Now that I have made those general points, let me ask the Minister about three particular points, the first of which is the length of detention. When the 2006 Act was being considered, concerns were expressed about the absence of a time limit on the new police power of detention for breach of conditions. The responding Minister said that, generally, one or two hours should be sufficient, but refused to include any safeguard against excessive detention in the Bill. We might then have expected to find, in the new code of practice, some definition of what that acceptable period of detention was or should be, but the code seems to be silent on that. Will the Minister respond, saying what that acceptable period should be?
When the 2006 Act was passed, my hon.
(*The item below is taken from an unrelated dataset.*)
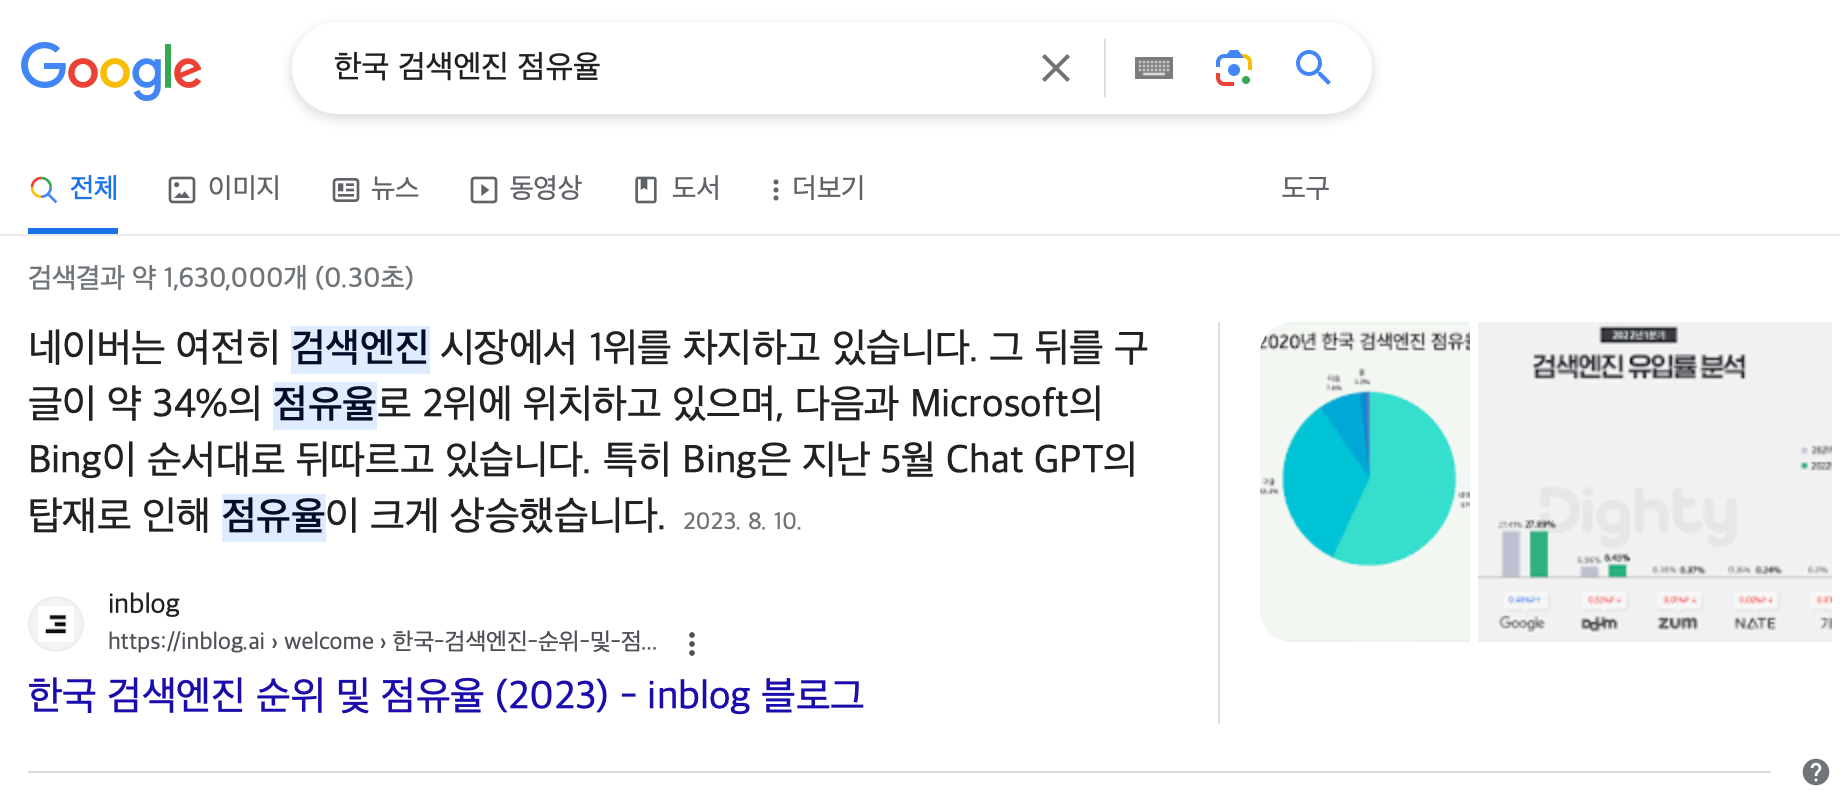 korea search engine share

Friend the Member for Hornsey and Wood Green (Lynne Featherstone) requested that there be monitoring of how the conditions to a caution were applied in practice. When the orders were discussed last week in the other place, Lord Thomas of Gresford reiterated those concerns about whether monitoring was taking place and what its results showed. The Magistrates Association raised the same concerns in the letters that it sent to hon. Members, saying that it believes it has found evidence of a considerable inappropriate use of the cautions and that, because there is no formal monitoring process, there therefore seems to be no formal recognition of that from the Government.
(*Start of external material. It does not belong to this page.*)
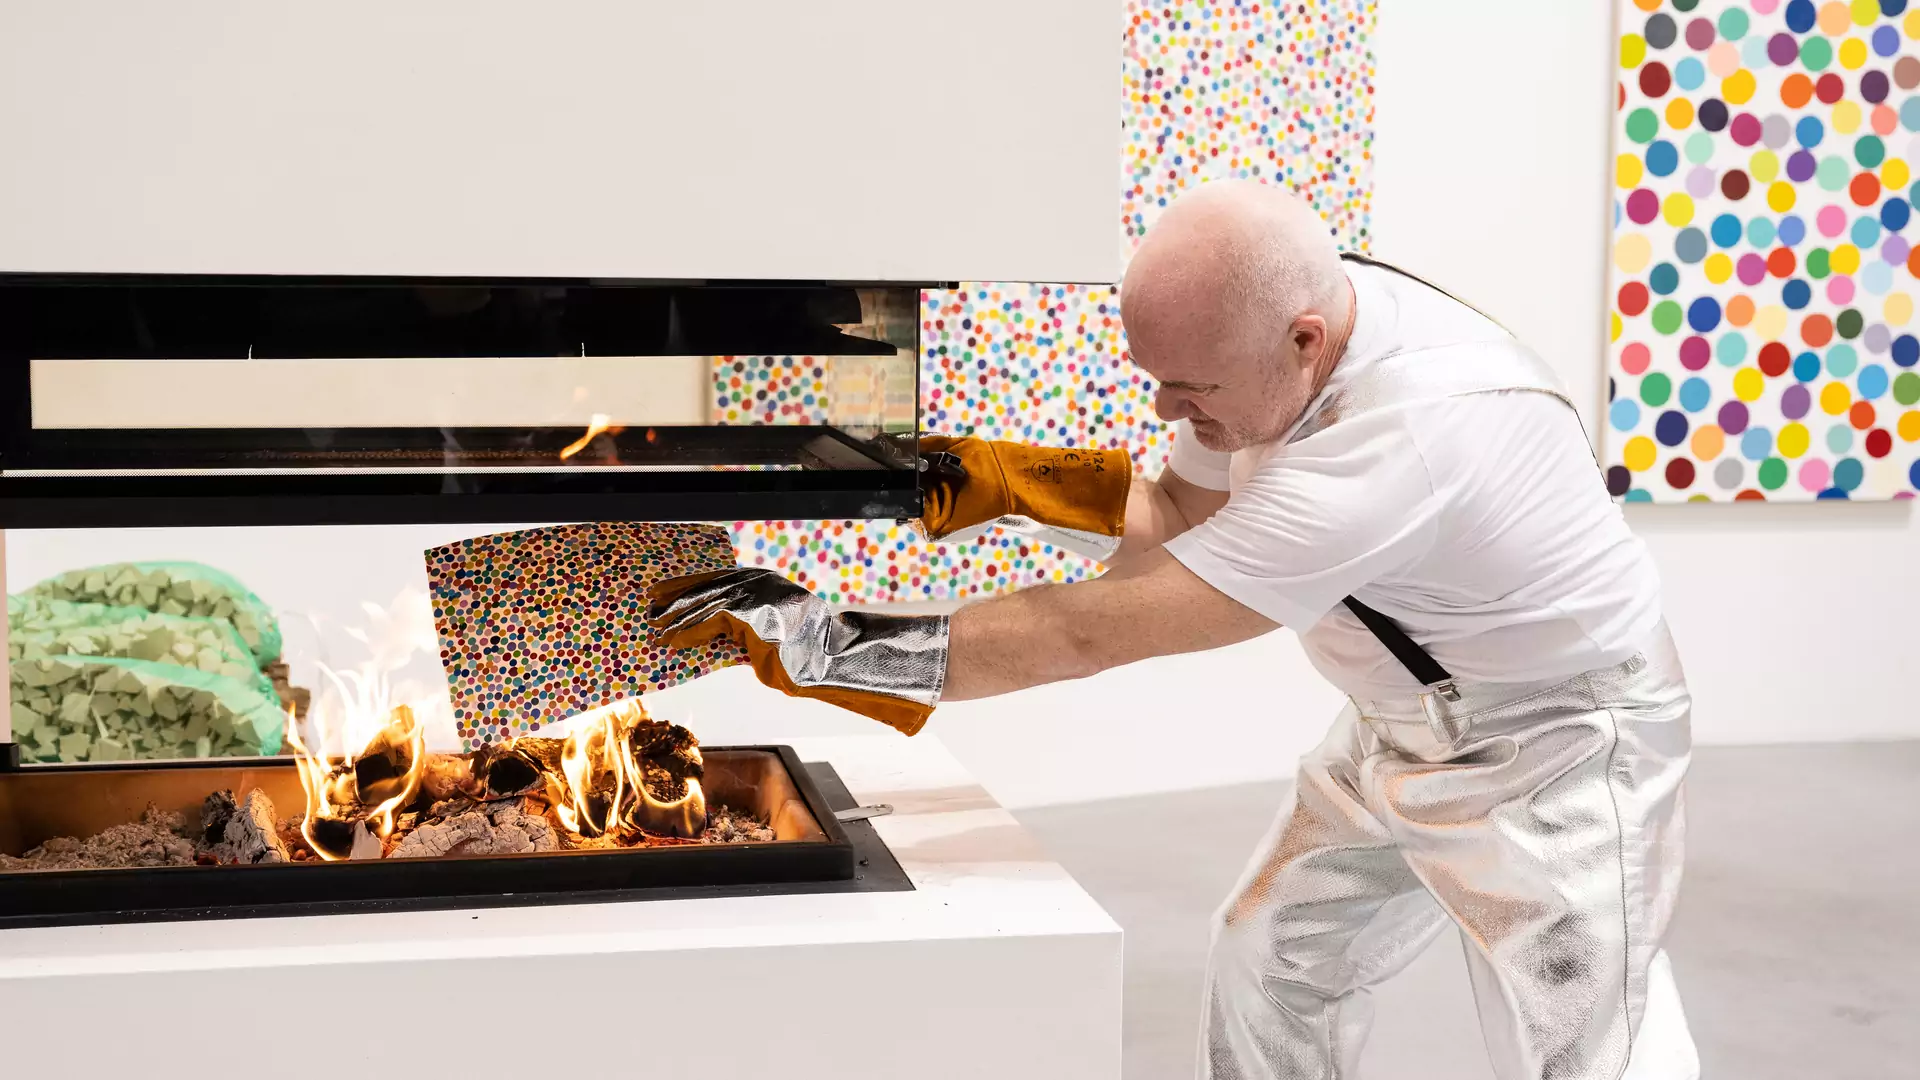 Artysta spalił tysiąc swoich obrazów. Były wyceniane na miliony dolarów

In response, Lord Bach said last week on behalf of the Government:
“I understand that point. There should be parity in how these cautions are implemented and there is no reason to believe that there is not”,
but he also said,
“I do not have information but will write to all those who have spoken”—[Official Report, House of Lords, 15 October 2009; Vol. 713, c. 362.]
about this.
Since it is only a few days after that—and in light of the concerns that were raised three years ago—will the Minister respond particularly on what monitoring has taken place, whether it is showing any consistency in the way that the powers are used and whether there is any abuse of the powers?
Finally, on the youth specialist prosecutors, the youth code specifies that youth specialist prosecutors should be used wherever possible. That is welcome, but can the Minister clarify how many such youth prosecutors are in place and how well resourced and trained they are? If the pilots are successful and the scheme is rolled out nationally, do the Government have plans or commitments to provide additional resources to specialist youth prosecutors?
I should like the Minister to deal with three particular points. First, what are the acceptable periods of detention for breach of conditions? Secondly, what information is there, from monitoring, on how the conditions are being implemented, and what uniformity is there on that? Thirdly, how many youth specialist prosecutors are in place and how well trained and resourced are they?